*Provided data*
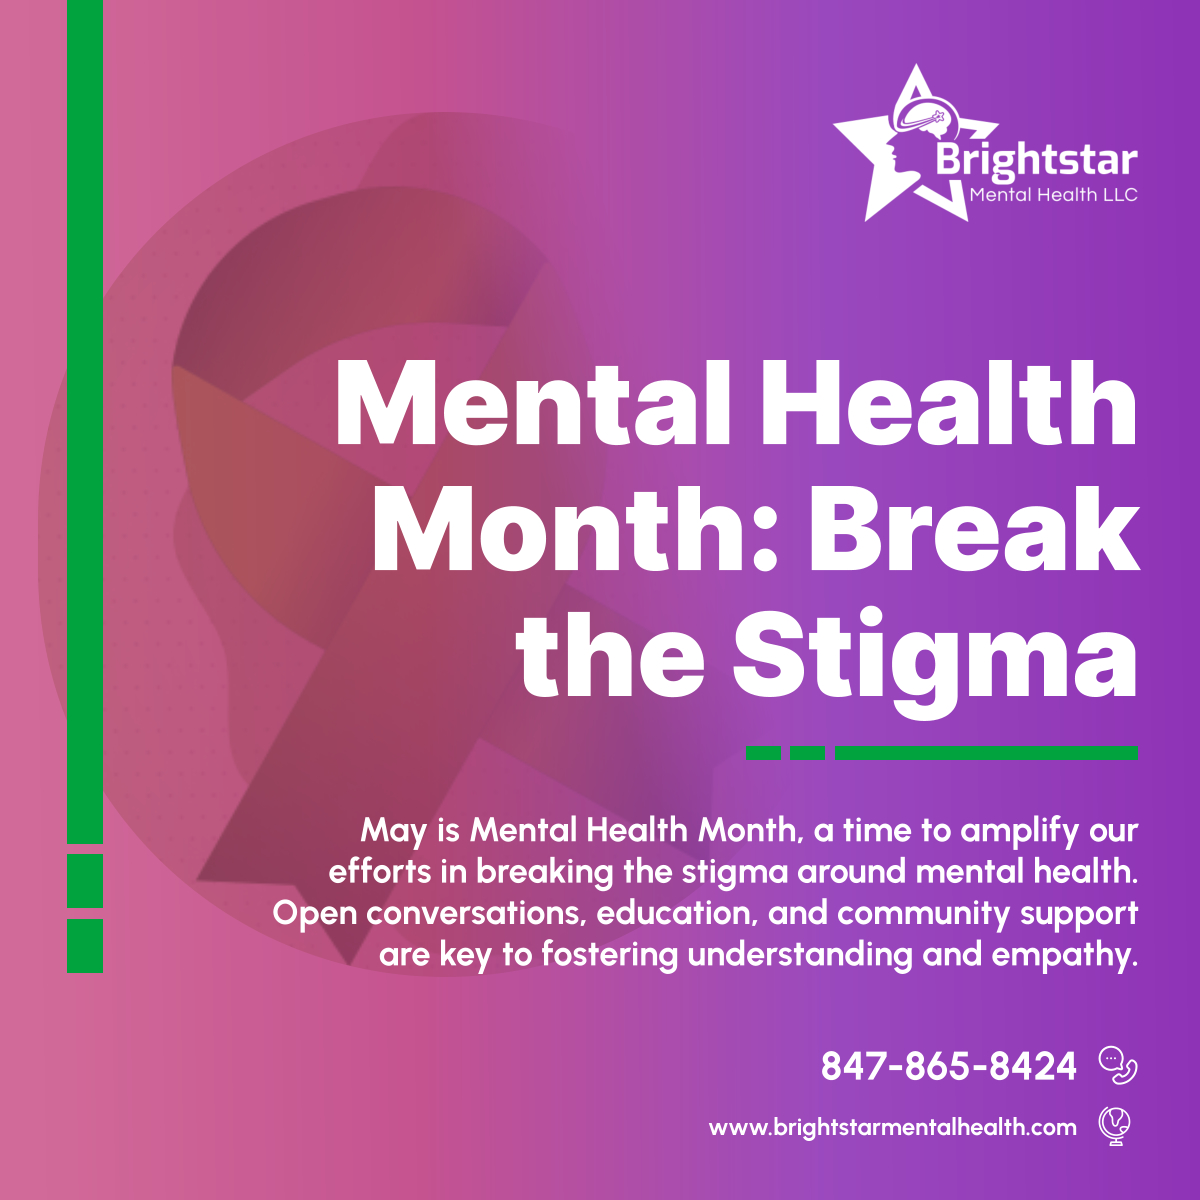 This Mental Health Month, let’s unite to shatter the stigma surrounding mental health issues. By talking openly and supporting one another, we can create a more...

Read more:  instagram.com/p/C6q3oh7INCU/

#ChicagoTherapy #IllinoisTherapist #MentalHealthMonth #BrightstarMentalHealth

*What you have to do*
Return every line above verbatim, pictures excluded.

*Completed task*
 This Mental Health Month, let’s unite to shatter the stigma surrounding mental health issues. By talking openly and supporting one another, we can create a more...

Read more:  instagram.com/p/C6q3oh7INCU/

#ChicagoTherapy #IllinoisTherapist #MentalHealthMonth #BrightstarMentalHealth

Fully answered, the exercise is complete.